L'histoire du professeur Nguyen

Le chauffeur qui l'attendait était un jeune Amérindien au visage marqué de tatouages rituels, le premier que Claire rencontrait depuis son arrivée en Guyane, qui ne sortait de son mutisme maussade que pour annoncer les noms des différents bâtiments qu'ils longeaient. C'est ainsi qu'elle put apercevoir le site de lancement d'Ariane 5, brillamment illuminé et encadré par ses pylônes anti-foudre. Le nouveau site dédié à Soyouz était encore plus loin, presque à l'autre extrémité du Centre, à proximité du bourg de Sinnamary, et il leur fallut près de vingt minutes pour y parvenir. Elle était la seule passagère du minibus.

Ils arrivèrent enfin devant l'impressionnant bâtiment d'assemblage final, le BAF, où se déroulaient les ultimes phases préalables au lancement proprement dit. Elle eut la surprise d'y retrouver M. Verdier, qui les avait accueillis le soir de leur arrivée, et qui s'enquit de ses nouvelles, et de la manière dont se déroulait son travail avec les Chinois. Elle le rassura totalement, ne doutant pas qu'il rendrait compte plus tard à Paris. Après avoir enfilé les indispensables tenues de protection, ils pénétrèrent dans le hall imposant, et elle eut enfin sa première vision de la fusée Soyouz, que les quatre propulseurs qui l'enserraient à la taille comme une sorte de jupe faisaient paraître trapue, en dépit de ses quarante-neuf mètres de hauteur. Elle avait été amenée, elle aussi, la veille, depuis le BIL, le bâtiment d'intégration des lanceurs. Le spectacle était impressionnant, et elle avait le cœur qui battait un peu plus vite qu'à l'accoutumée. Chacun des propulseurs latéraux qui, dans quelques jours, allait développer une poussée de cent deux tonnes pour arracher la fusée à la pesanteur terrestre était plus long qu'un autobus.

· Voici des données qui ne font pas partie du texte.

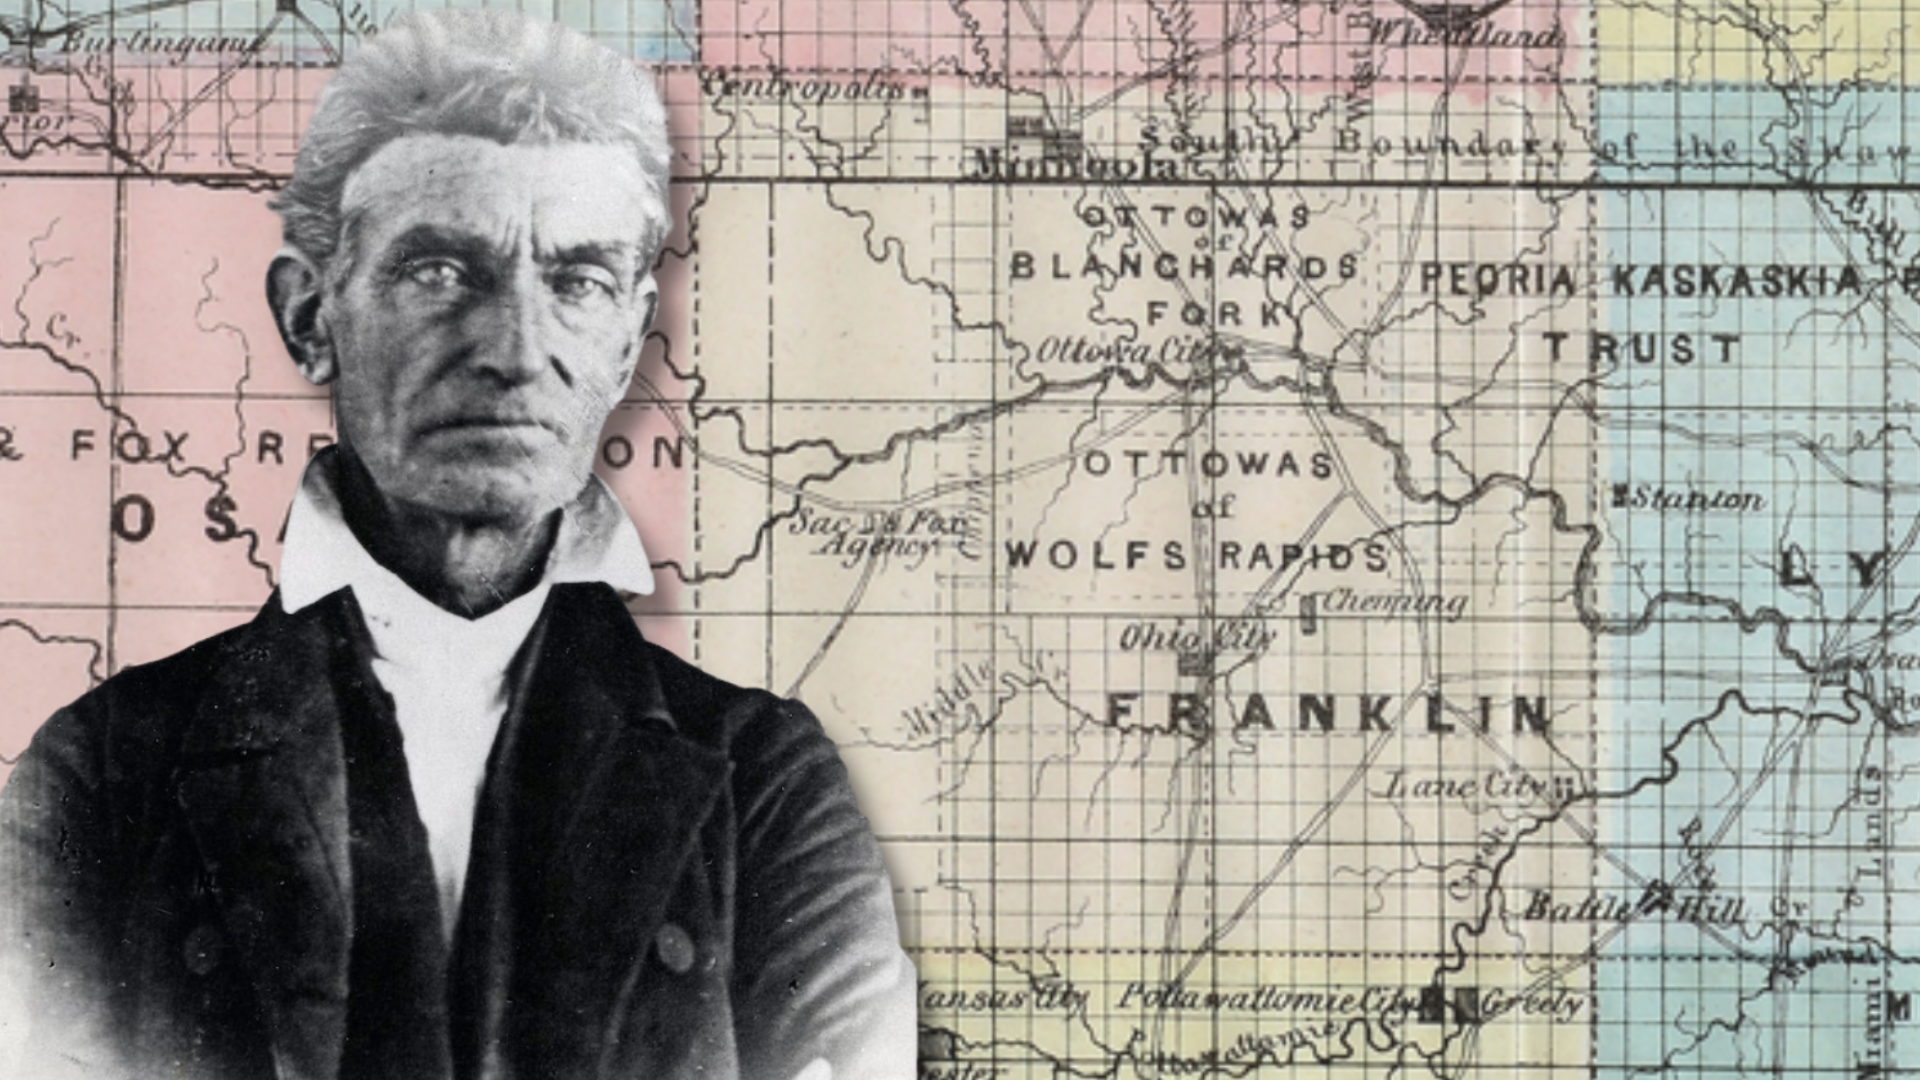 Foreground: Portrait of John Brown showing a man was graying hair, sharp facial features, a white shirt with collar, and dark jacket. Background: historic map showing Franklin County in the center.

Dès qu'il l'aperçut, le professeur Nguyen quitta le groupe de compatriotes avec lesquels il était en train de converser et l'accueillit avec toutes les marques de l'amitié.

- Claire ! Vous avez eu le temps de boire un café ? Non ? Il y en a ici, mais il faut repasser par le sas, se déshabiller, recommencer dans l'autre sens. Si ça vous tente ?

- Plus tard peut-être, Trinh, merci. C'est vrai que ça a l'air un peu compliqué.

La matinée s'écoula lentement, et fut moins passionnante que ce qu'elle avait imaginé. Chaque étape de l'opération qui consistait à placer la coiffe, contenant le satellite, à l'extrémité de la fusée, prenait un temps infini et donnait lieu à une multitude de tests et de vérifications minutieuses qui, pour la simple spectatrice qu'elle était, ne présentaient à la longue guère d'intérêt. En bonne scientifique, elle en comprenait la nécessité, mais son sang méridional en bouillait. Aussi fut-ce avec soulagement qu'elle accueillit, deux heures plus tard, la suggestion du professeur de sortir pour aller enfin prendre un café.

Dans la petite pièce où se trouvaient les distributeurs de boissons, sandwiches et autres barres chocolatées, le sino-vietnamien passa la main dans ses cheveux gris coupés courts.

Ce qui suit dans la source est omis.